Friday, August 24, 2012

Energy Briefs

One-step closer: Biofuel from Biomass
New research from scientists at the University of Georgia who are members of Department of Energy's BioEnergy Science Center (BESC) provides a genetic method for manipulating a group of organisms, called Caldicellulosiruptor, that have the ability to use biomass directly at temperatures over 160 Fahrenheit. The ability to modify the microbes to make the needed fuel products is a required first step for modern industrial fermentations. This allows researchers to combine the natural ability to consume renewable plant materials with an altered improved ability to make what is needed. _PO
Tough industrial-strength microbes that can be programmed to produce the fuels or chemicals desired, should take biofuels and bio-chemicals production to a higher level.

Unlimited high-value chemicals from engineered microbes: Freeing up petroleum can provide a 25% boost to global petro-production!
Although the major products of crude oil refineries are fuels such as gasoline and jet fuel, approximately 20 percent of crude oil is refined, in several complicated, energy-intensive steps, into petrochemicals. These chemicals permeate our daily lives in products ranging from candles and perfume to disposable diapers, toys, tires and plastic packaging, among many others.

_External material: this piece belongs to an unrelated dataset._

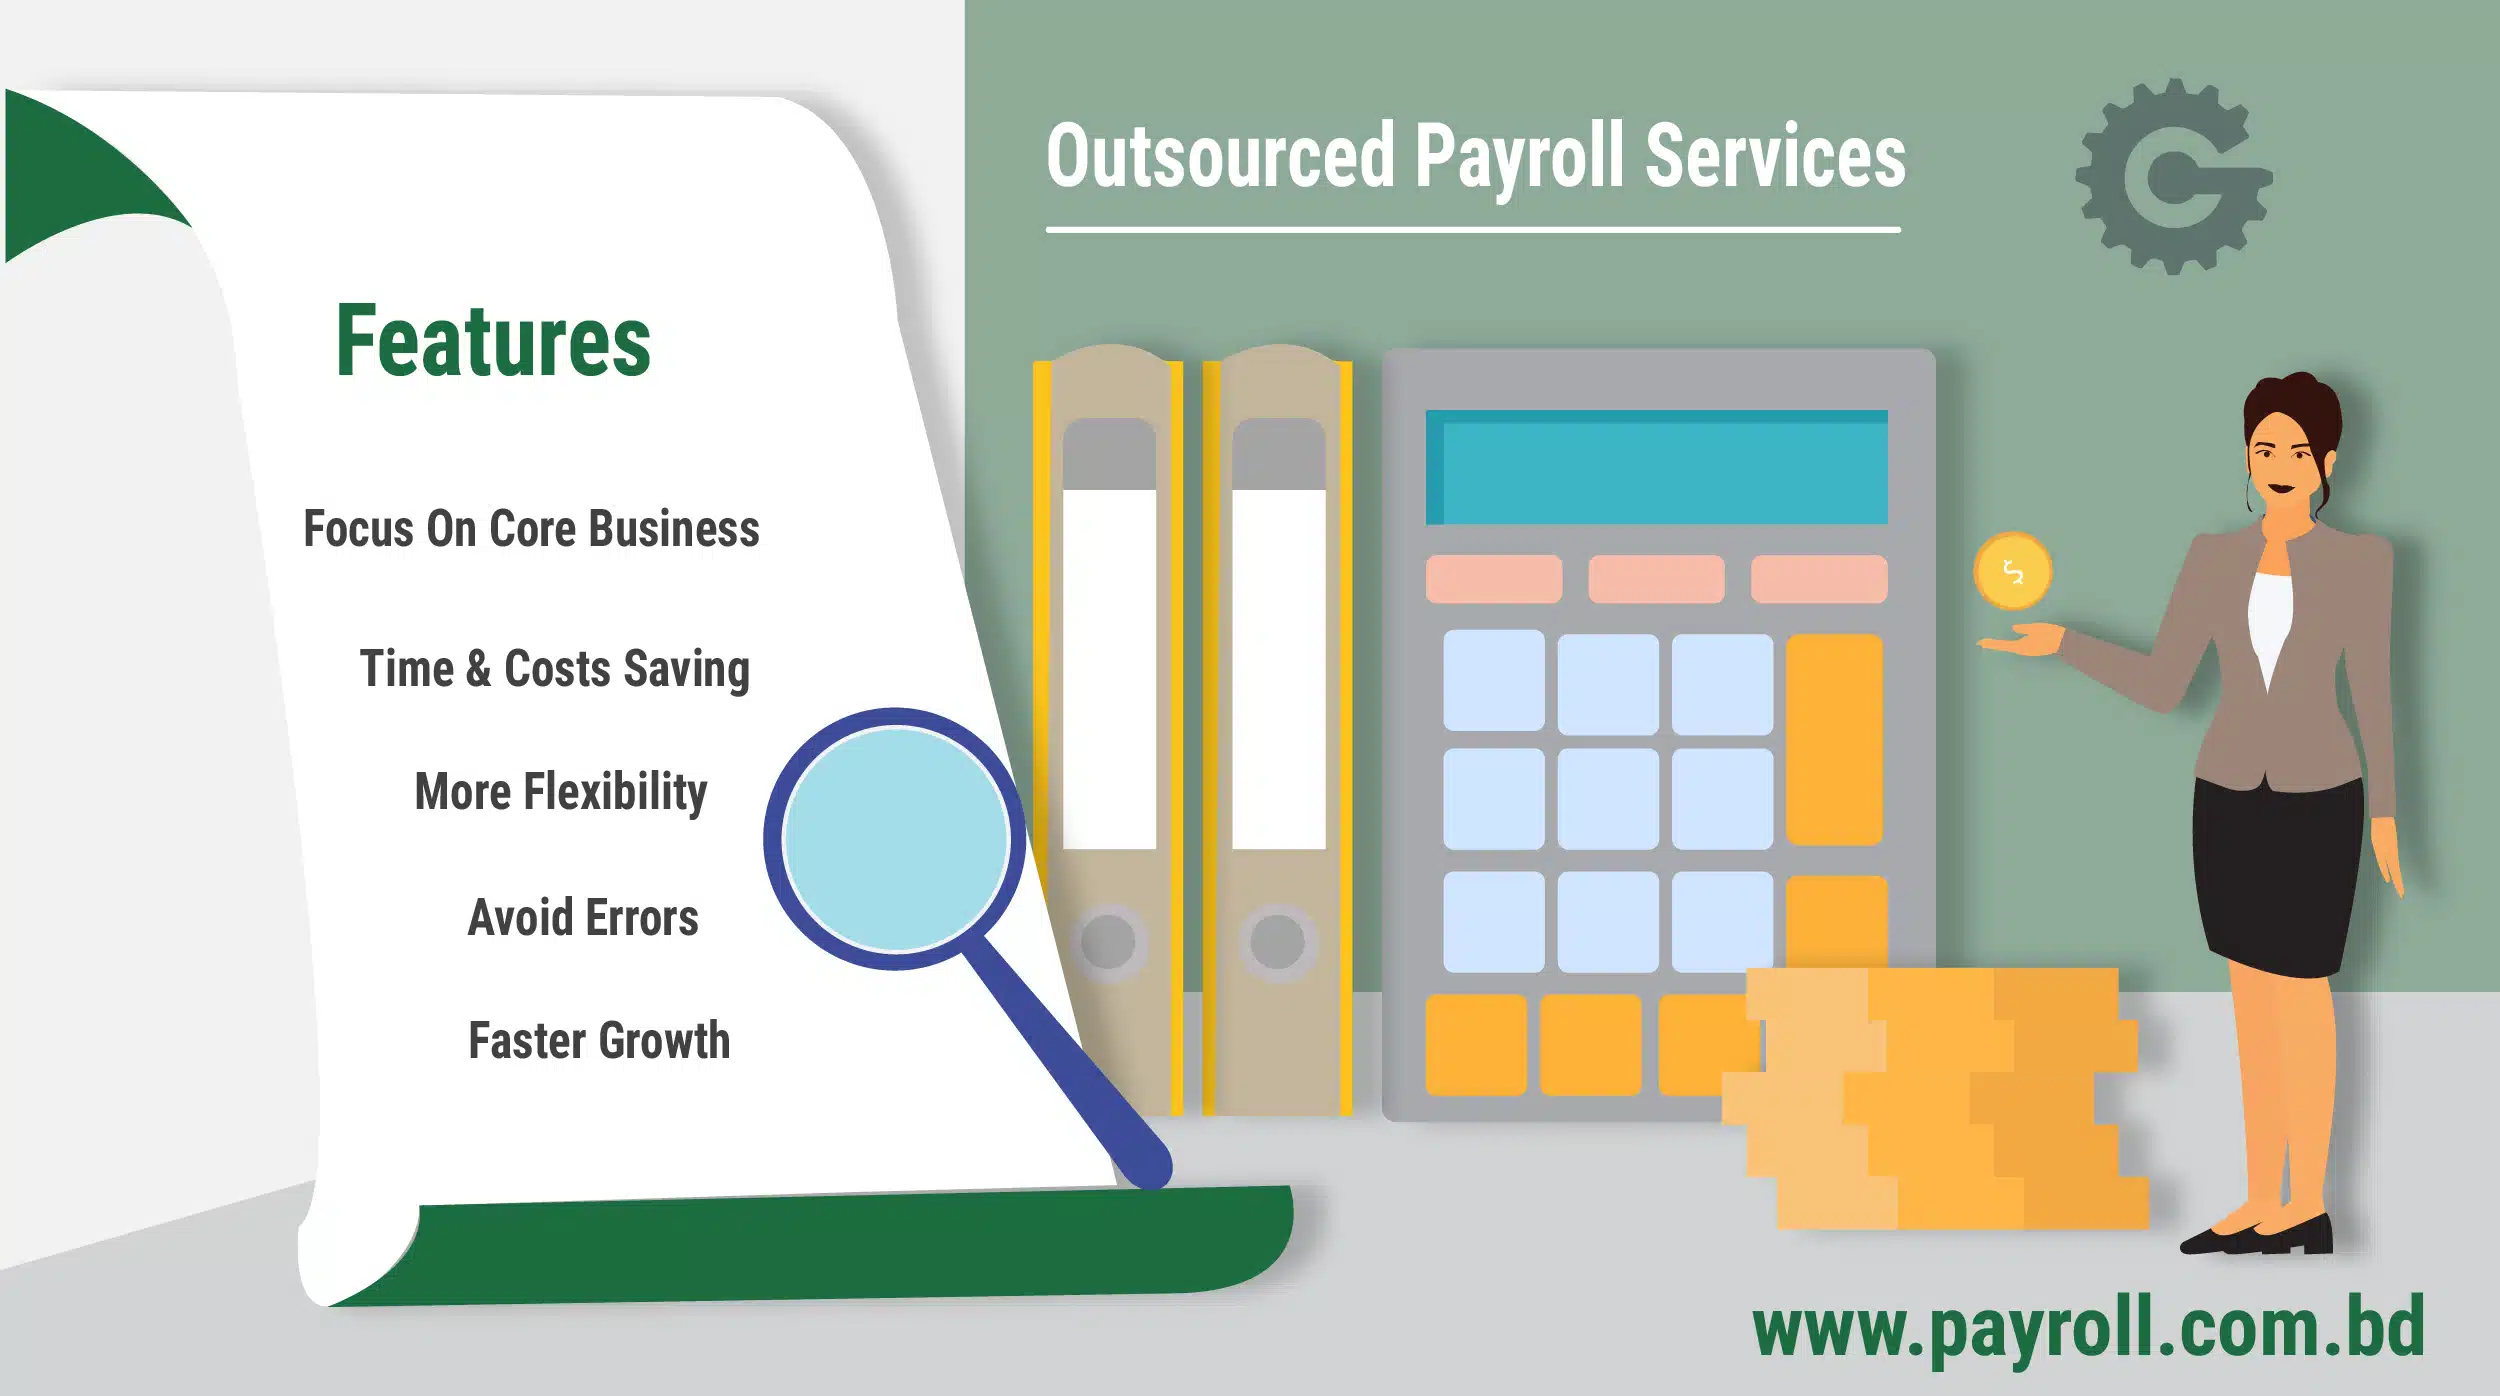 Payroll-Outsourced payroll services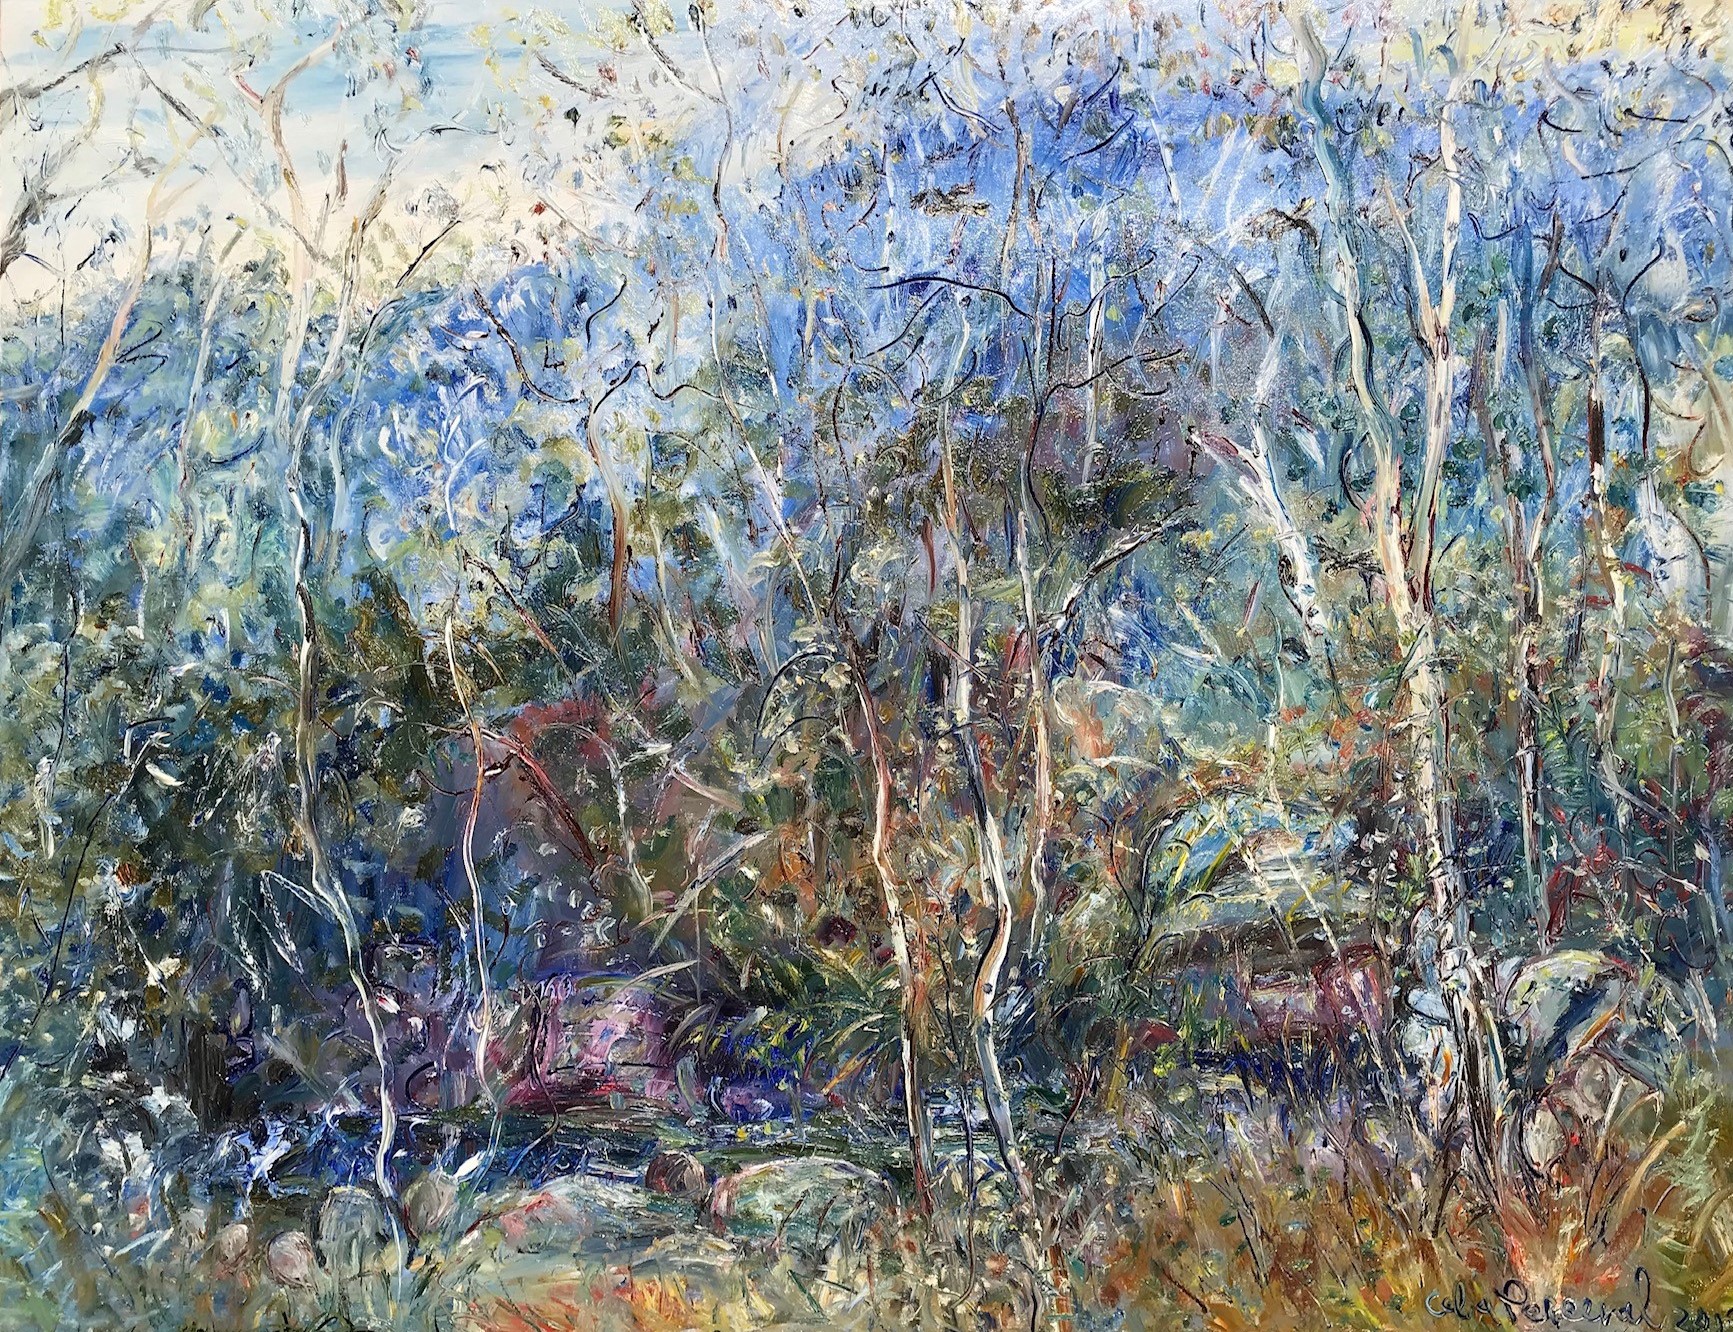 Celia Perceval 'Black Cockatoos Deep in the Gully with Rock Pools on Bells Beach' oil on canvas 153 x 198cm $44,500

As an alternative to crude oil, researchers around the world are studying ways to produce fuels and chemicals from renewable sources, including plant biomass and algae. Current production processes are energy-intensive and generate sugars or oils, which are "intermediate" products. "Then you would take those intermediates and do traditional processing, whether it's biological or chemical," says Pfleger. _PO
So, if we take that 20% of crude oil production that is used for chemicals, and put it back into global oil markets, we achieve what is in essence a 20% boost 25% boost in oil production, in terms of fuels etc...

Sure, it is more complicated than that, since some fractions of petroleum are more suitable for one use than for others, but you can get a vague idea as to why substitution of unlimited renewable chemicals and feedstocks can have a powerful effect on global oil markets.

Why Iowa finds itself at the center of the ongoing revolution in next generation biofuels

New nano-composite material for fuel cells achieves a 5X increase in electric current per milligram of platinum
IBN's new nanocomposite material can produce at least 0.571 amperes of electric current per milligram of platinum, compared to 0.109 amperes per milligram of platinum for commercial platinum catalysts. This is also the first time that a catalyst has been shown to enhance both the stability and activity for the fuel cell reaction with a significantly reduced platinum content. _PO
This is a low level, nuts and bolts type advance in fuel cell mechanics and economics. But with the coming global bonanza of tight gas, we are likely to see increasing use of methane fuel cells for both primary production in residences and small business, and as critical power backup for commercial, municipal, and industrial enterprises.

None of these stories are particularly earth-shaking in themselves, but over time such innovations tend to accumulate, combine, rearrange, and evolve into significant advances.